Is it just a simple fact that when you instantiate an object that extends another object, it runs both child and parent constructors? Maybe I'm missing something.
Go and look at your subclass. You can have methods in it which aren't in the superclass, and fields which aren't in the superclass. But you also have fields from the superclass and methods from the superclass. So whenever you instantiate the subclass, you have to set up the superclass fields too. To do this, you call the superclass constructor from the subclass constructor. That is what super() means.
Joined: Dec 22, 2007
Thanks! Ok, that makes sense... so because I'm instantiating the sub-class which is part of the super, the super needs to be 'set up' too.
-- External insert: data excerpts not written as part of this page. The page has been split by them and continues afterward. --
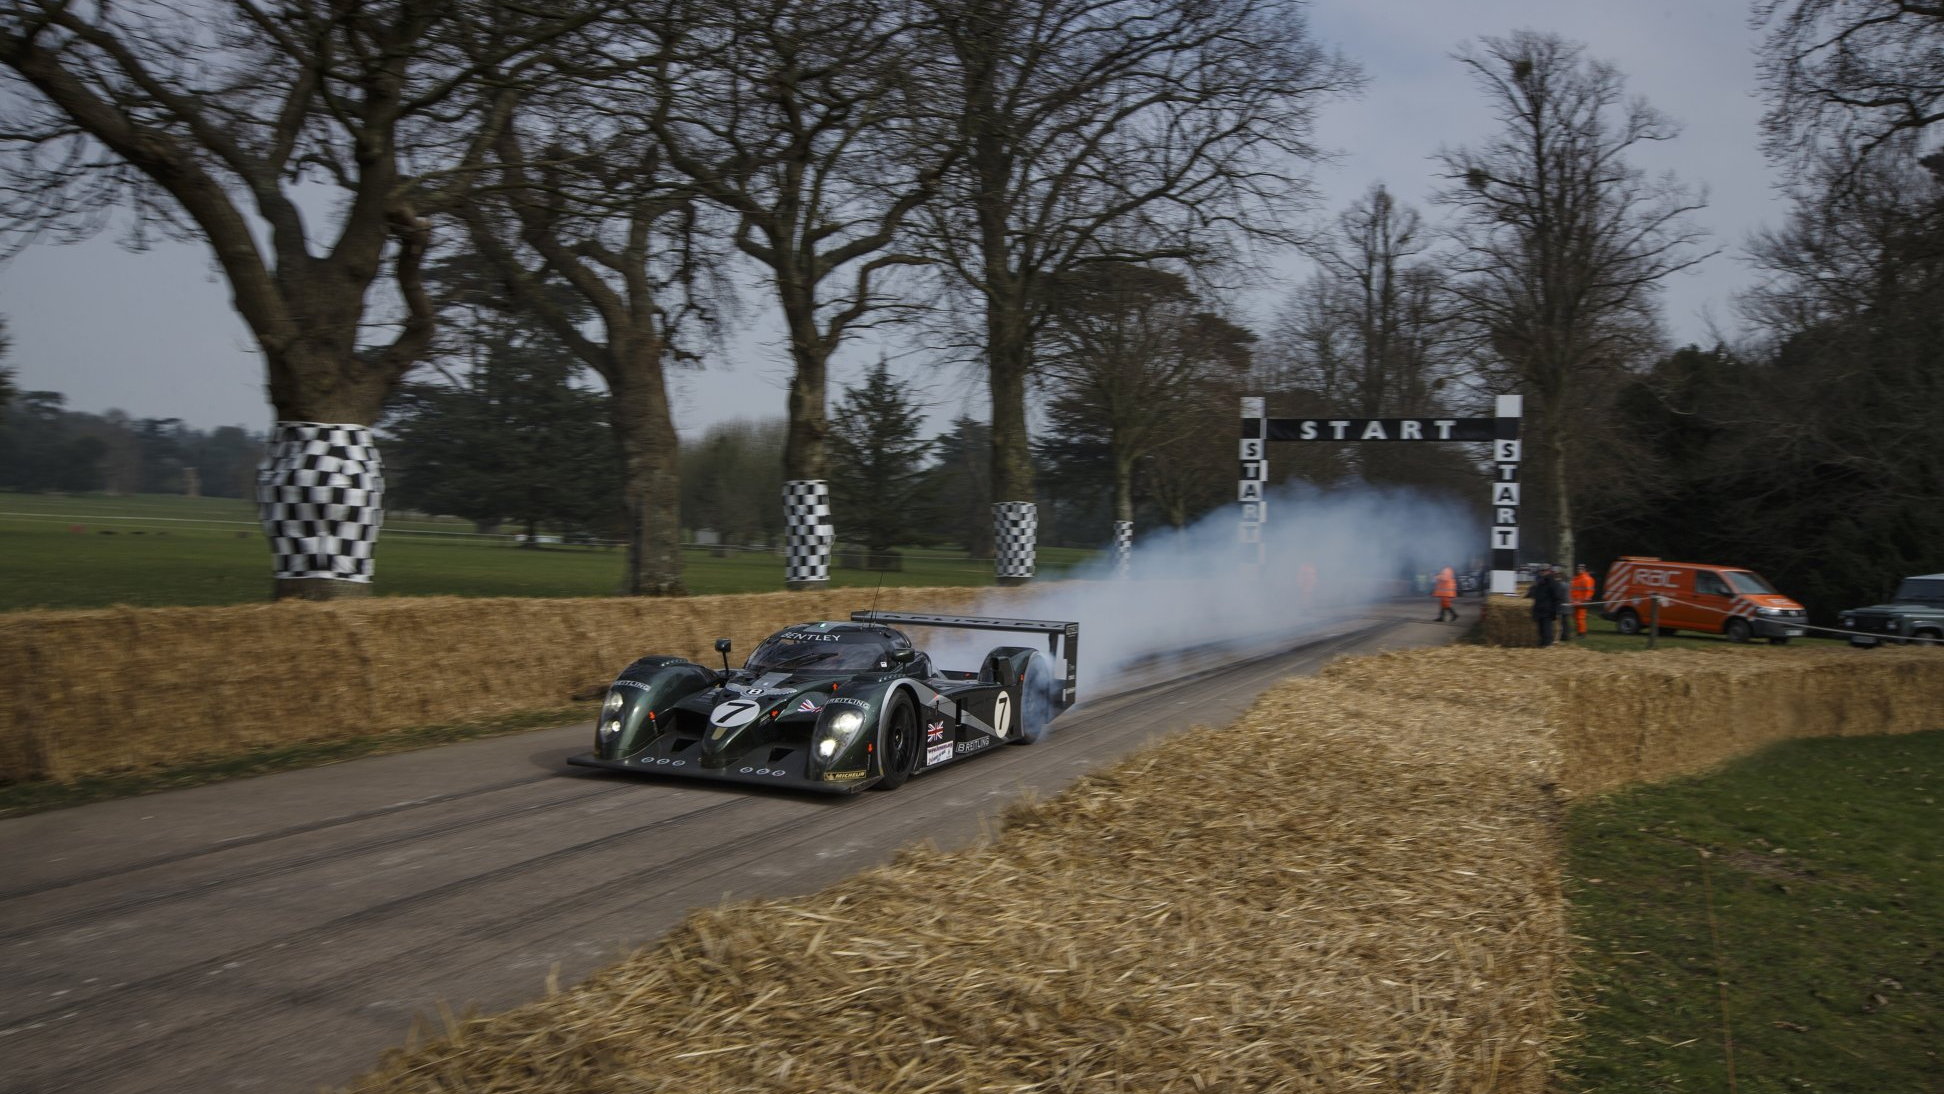 The Bentley Speed 8 at the Goodwood Festival of Speed - image: Bentley
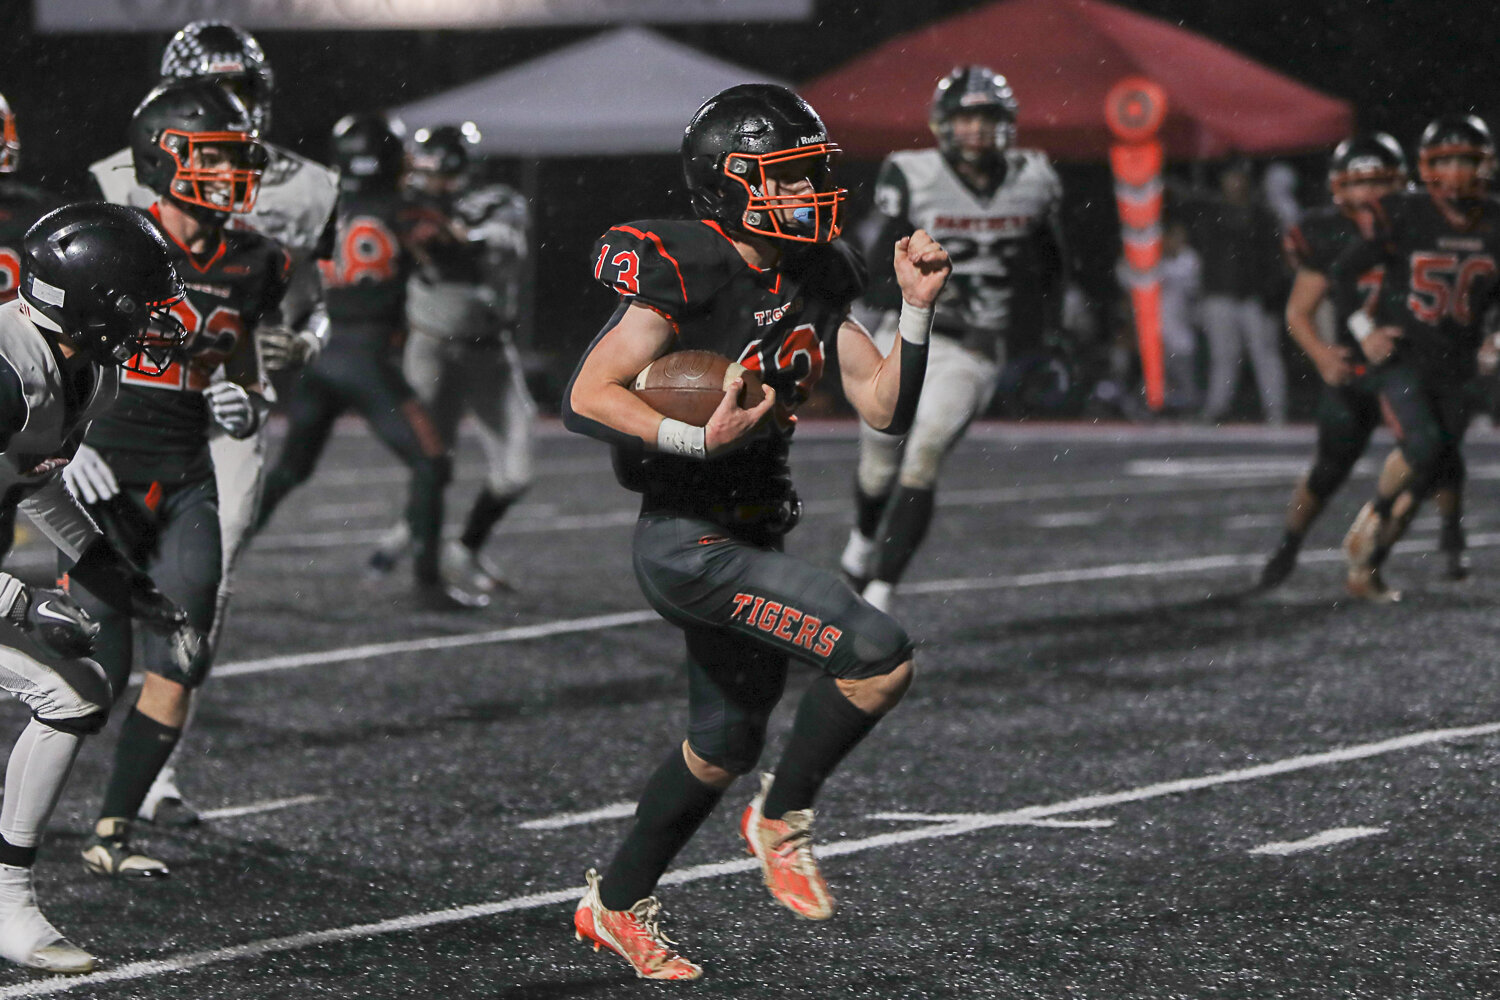 Conner Holmes rushes down field during a 43-14 Napavine win over River View on Nov. 18.
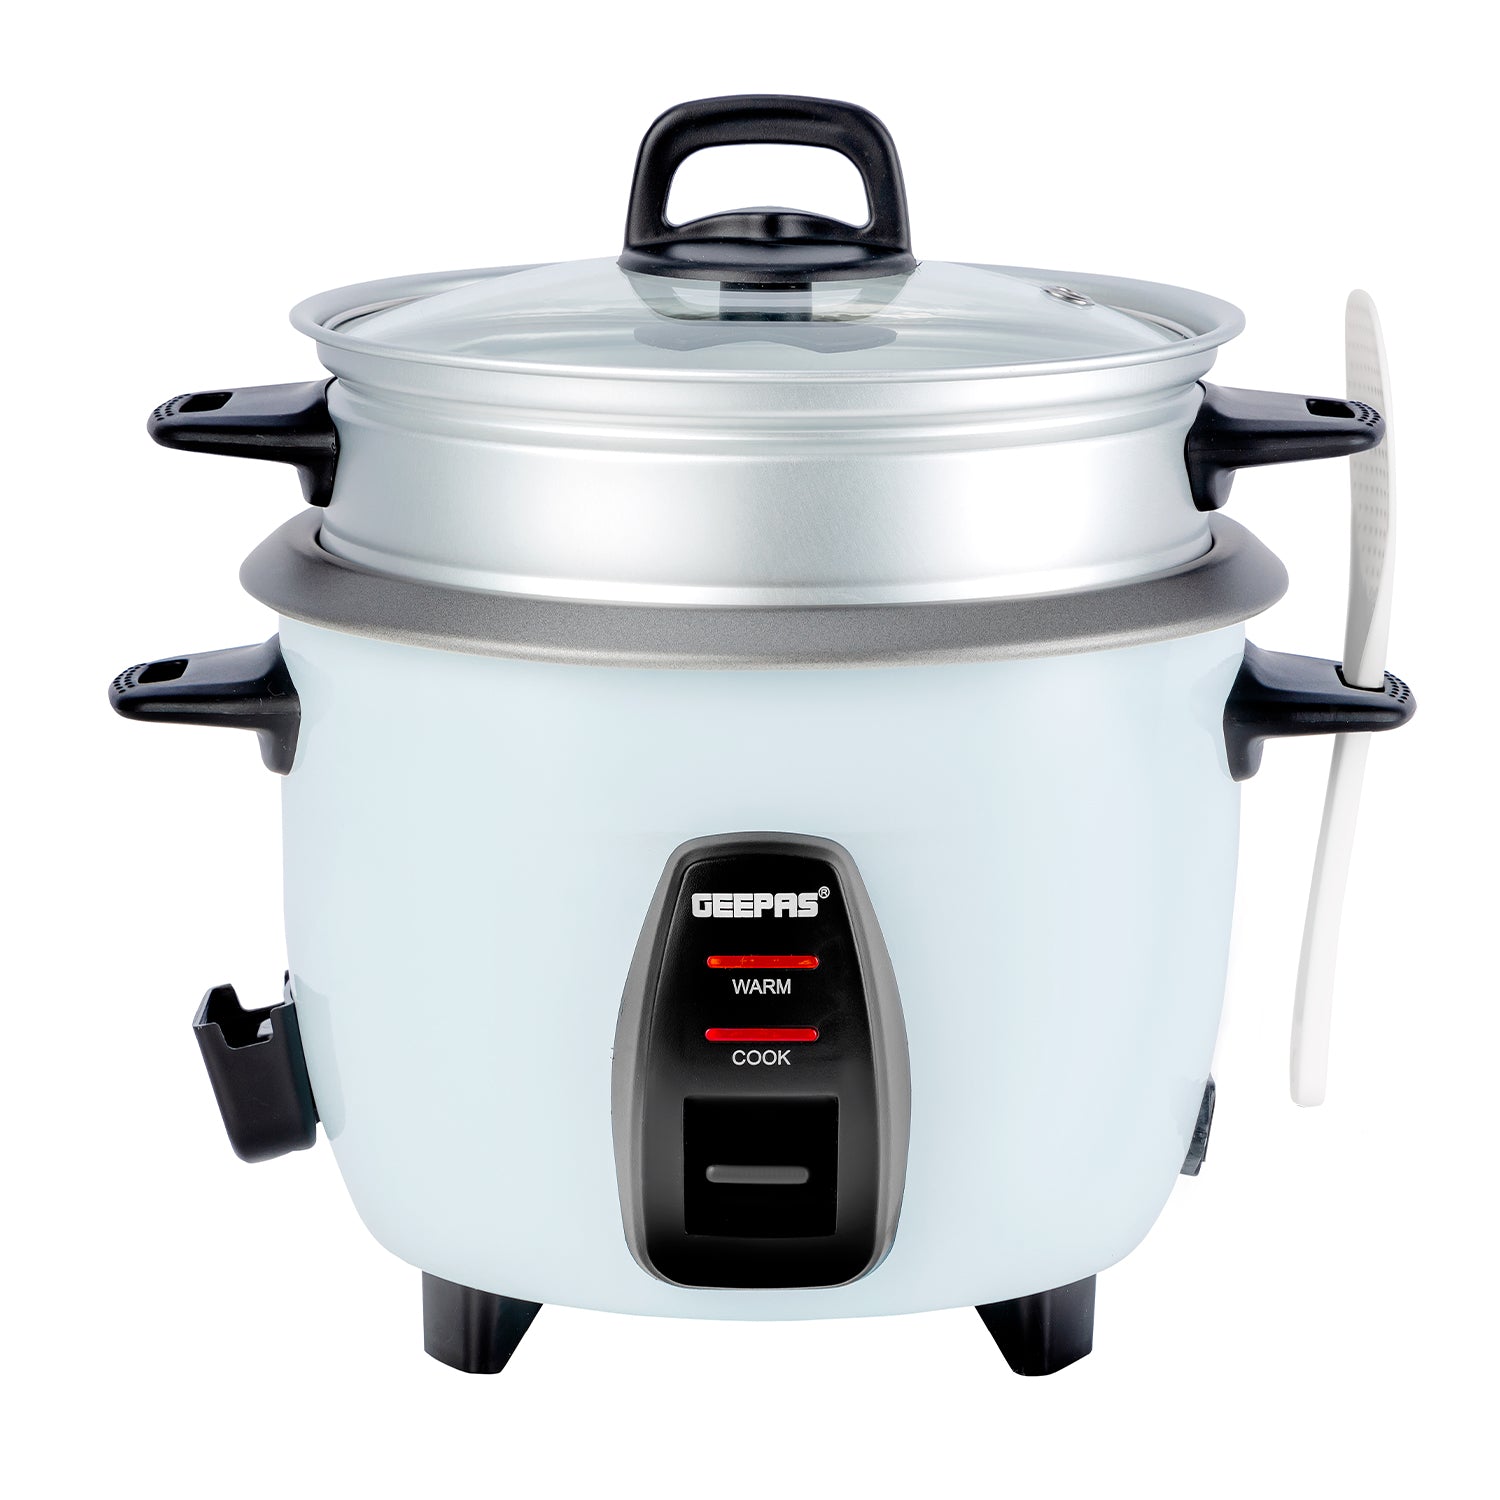 3-In-1 Instant Rice Cooker and Steamer 1L

Ok, the only question remaining is because you said that, "To do this (set up superclass), you call the superclass constructor from the subclass constructor.(i.e. super())"
But, I actually never explicitly called super(), so am I right to assume that super() is run regardless, even if I don't explicitly call the superclass constructor from the subclass?
Joined: Oct 13, 2005
Only too pleased to be of help . . .
It is probably an inaccurate thing to say, but there is a part of the subclass which comes from the superclass, not a part of the superclass which comes from the subclass.
You presumably know that you have to write super(something); as the first line of the constructor in the subclass. There are exceptions:
if you have an overloaded constructor, when you can start with this(something); in some of the constructors.
If you have a no-arguments constructor in the superclass, then the compiler or JVM will "assume" you have an implicit "super();" in your constructor, even if you haven't written it.
Yes, there is an implicit super(); call if you don't write it yourself. If there is a super(); call and the superclass constructor requires any parameters, you have to supply arguments to match those parameters, otherwise you get a compiler error saying it can't find the constructor. [ December 22, 2007: Message edited by: Campbell Ritchie ]